Last week, we discussed common physical changes that occur during pregnancy (changes in the musculoskeletal, cardiovascular, gastrointestinal, and integumentary systems). But postpartum, it all just goes away on its own, right? Not exactly. In the case of birth trauma, specific interventions and care should be standard of care to make sure all of mom’s parts get working again as well as possible (check out yesterday’s post for a bit more info). And in the case of all postpartum bodies, let’s have a conversation about how the physical changes of pregnancy and childbirth could be better addressed to more effectively put mom back together after the amazing work she has done carrying and birthing a child (or children!). It is a disservice to the hard-working mothers of this country to not facilitate their physical recovery postpartum and an equal insult to their resiliency and intelligence to think that by “sparing” them knowledge of the honest risks of physical trauma or changes, that we are “avoiding scaring them unnecessarily.” We’re tough enough to have babies, y’all. We’re tough enough to get the whole picture of what comes with it. Besides, I swim in a fishbowl where I see the worst of the physical injuries and you know what...? It made me feel more prepared for what could possibly lie ahead for each of my three pregnancies AND I have never (never, never, ever) met a woman who doesn’t believe that their child was worth whatever price paid. They just would also have liked to know the potential cost before getting to the checkout line, and to be sure that every woman in their place gets the right owner’s manual for their own bodies—not just for their new baby
Consider that preventive care measures are gaining ground in the healthcare discussion, purported to be better for us health-wise and better for the wallets of whomever is paying for our healthcare. Now consider the fact that approximately 80% of women in the United States give birth each year, urinary incontinence affects 13 million Americans, and 85% of these 13 million are women. Hmmmm...sounds like we may have a connection, here. It has been stated elsewhere that pregnancy is the single greatest risk factor to developing urinary incontinence in one’s lifetime and, based on the previous series of stats, we can assume that nearly 9 million of the women in the US with urinary incontinence have had at least one child in their life. Can anyone think of a better window in a woman’s life where targeted preventive services could have a massively magnified effect decades later (in improved quality of life, decreased prevalence of incontinence, decreased cost of interventions to manage and treat incontinence, etc.)?

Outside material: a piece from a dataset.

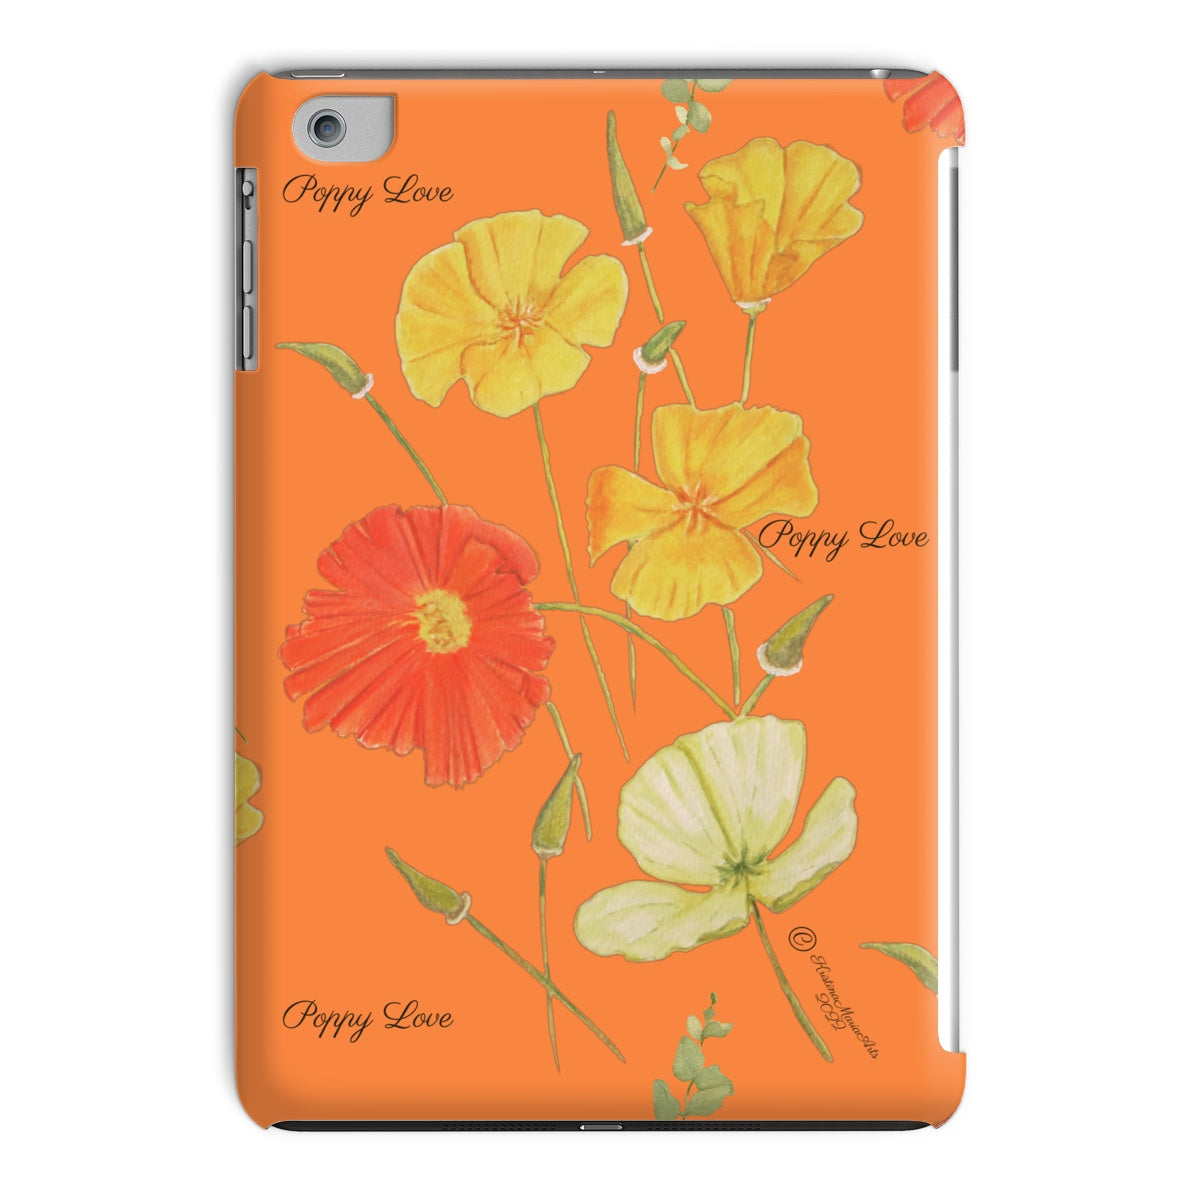 Poppy Love Orange Tablet Cases

Every woman I talk to has a first-hand account of the significant effects of pregnancy, labor and delivery on the female body. Yet in our clinical experience, women tell us that they were rarely well-prepared for the physical after-effects of pregnancy and childbirth, which can have a profound impact on not only physical health, but on emotional and mental health as well. Postpartum pelvic floor and musculoskeletal dysfunction (including urinary incontinence, sexual dysfunction, low back pain, abdominal pain, and pelvic pain) are very common; in fact, it is estimated that 75% of women in the first 6 months postpartum report urinary incontinence, and for a portion of women, resuming regular sexual activity can take 6 months or longer after childbirth. It appears to us that insufficient time and resources are dedicated to informing and training women to better prepare for, prevent and manage these issues, thus women have no expectation that they will need to make this a priority in their postpartum recovery.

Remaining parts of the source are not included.